I’m a doctoral student focusing on simulating fluid dynamics using Smoothed Particle Hydrodynamics (SPH) method. I’ve noticed the remarkable advancements in CUDA for accelerating computations in recent years. I’m interested in learning how to rewrite my existing codebase into CUDA to leverage its potential for acceleration. However, currently, my proficiency in CUDA programming is at a novice level. I’ve already attained a decent level of proficiency in C++ programming, sufficient for implementing desired functionalities.

I would like to seek advice from experienced experts on which learning resources to pursue to efficiently achieve my goal in the shortest time possible. Could you please recommend learning paths, study materials, or instructional videos to help me advance in CUDA programming?

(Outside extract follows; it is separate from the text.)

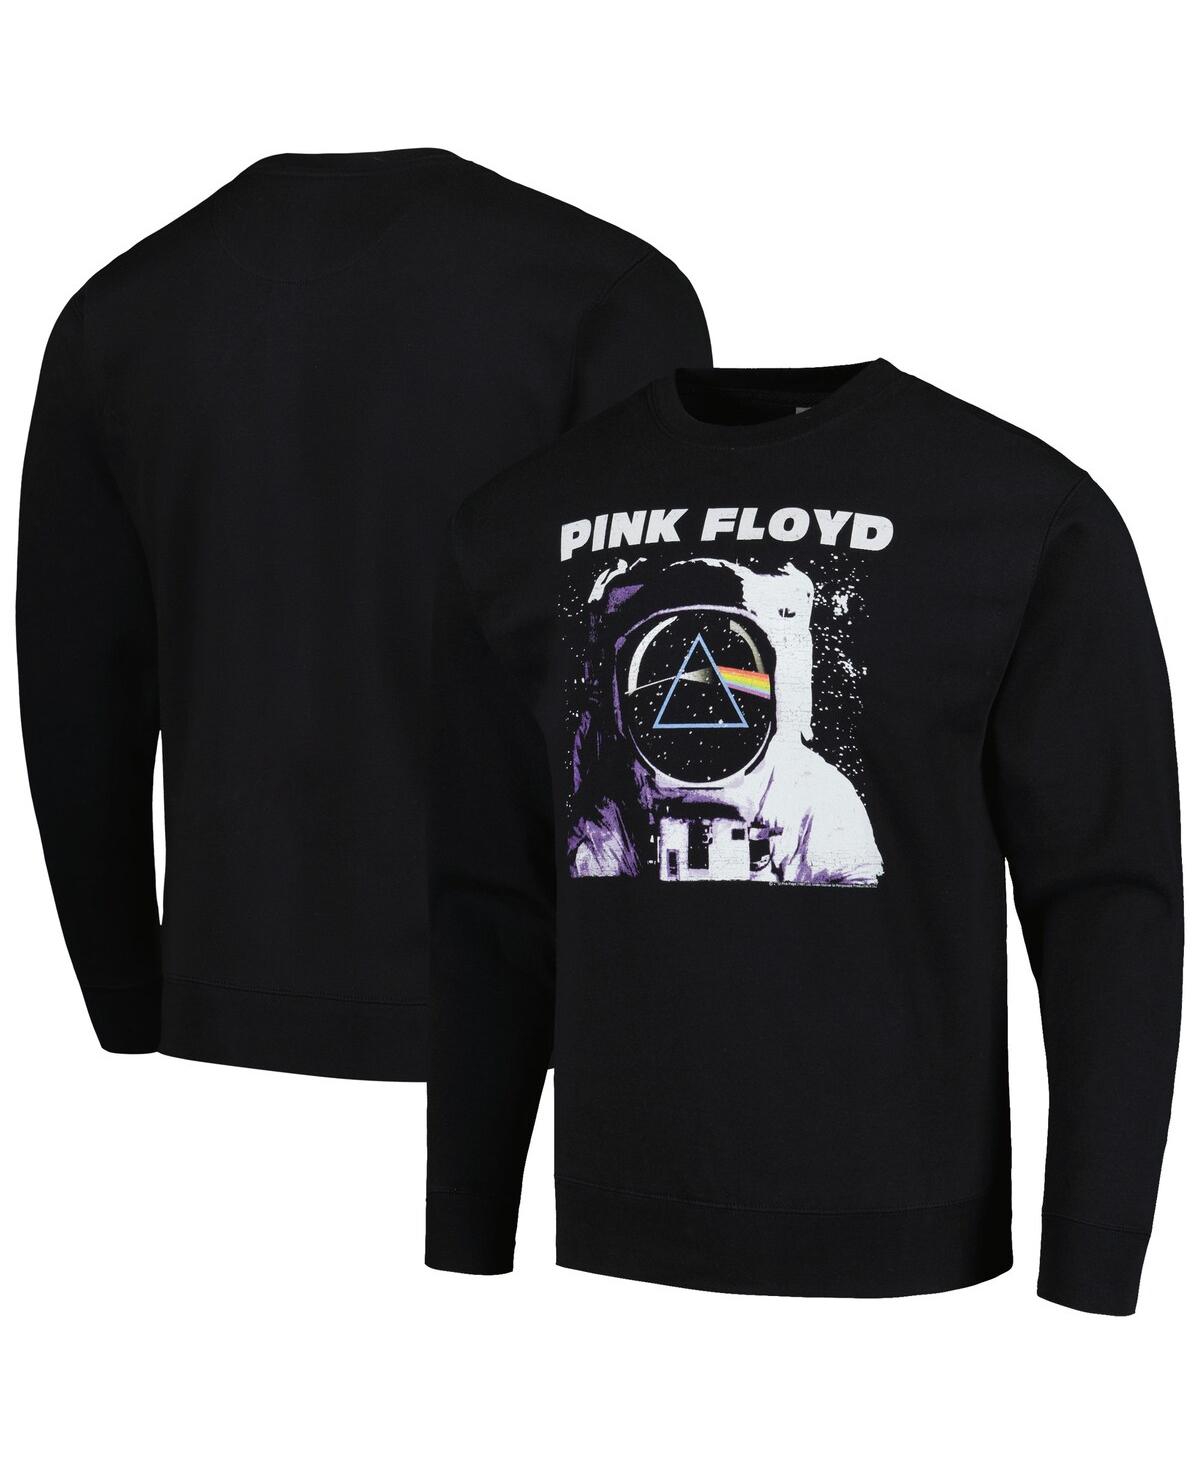 Men's Black Pink Floyd Moon Pullover Sweatshirt - Black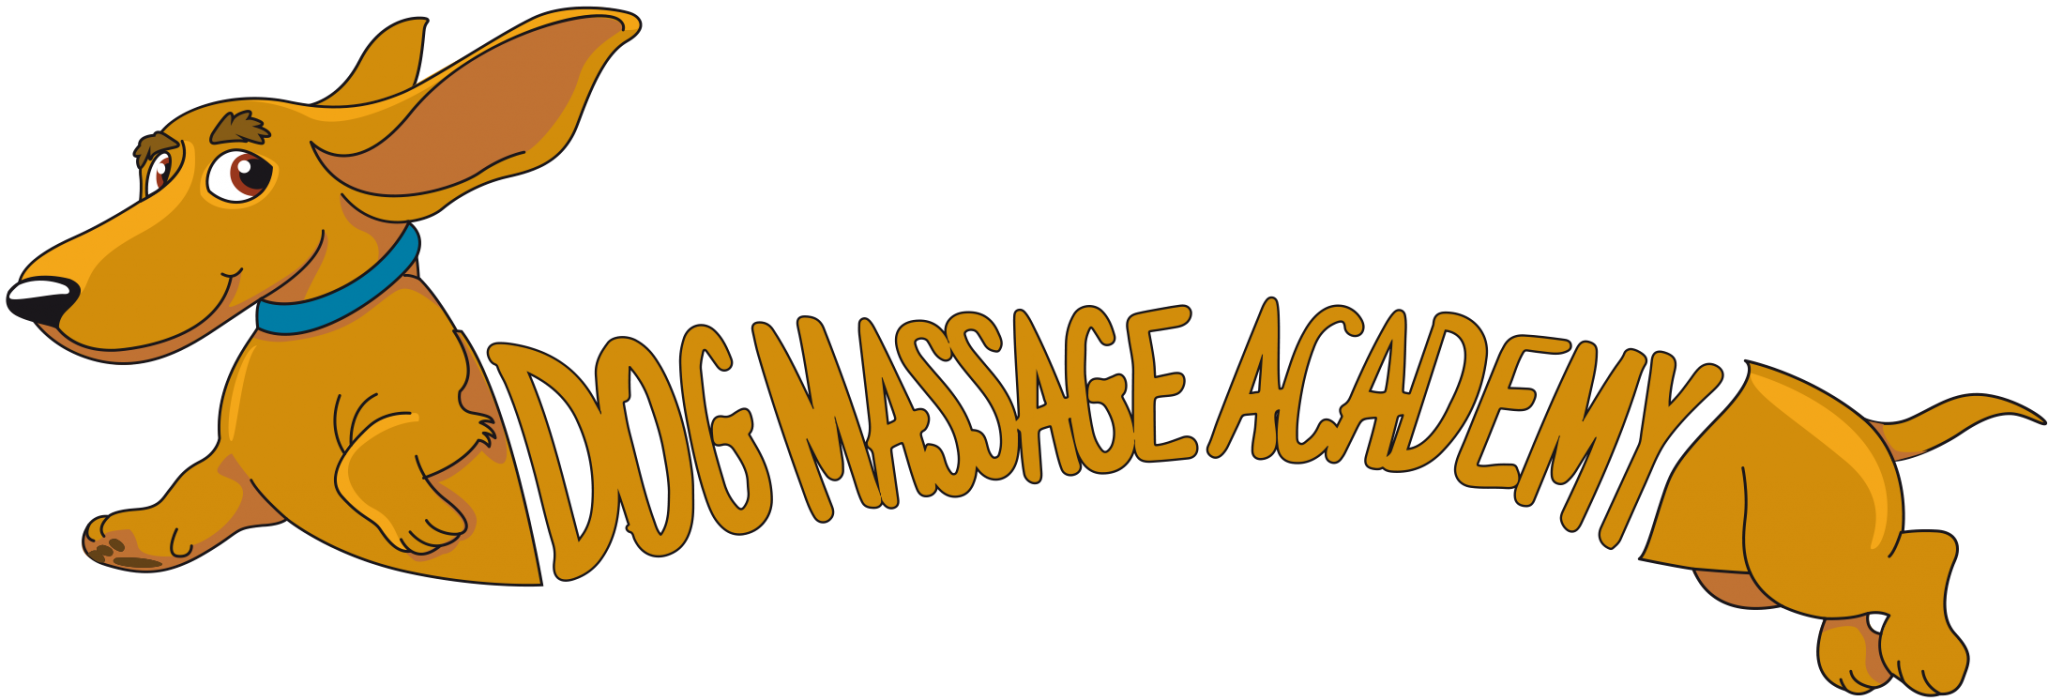 Dog Massage Academy

Thank you in advance for your guidance and assistance.

(Thus far, I have reviewed some Chinese materials and videos on CUDA and have a basic understanding of CUDA execution and memory models.)

That depends very much on your personally preferred learning style, so you might want to add some specifics on that for best recommendations. For example, I am very much a hands-on learner, an experimenter at heart. Frontal presentations including instructional videos typically provide minimal value to me. I set myself a modest specific goal, write a program to accomplish it, then check back with documentation when I hit the inevitable snags. Rinse and repeat, with the goals becoming more ambitious over time.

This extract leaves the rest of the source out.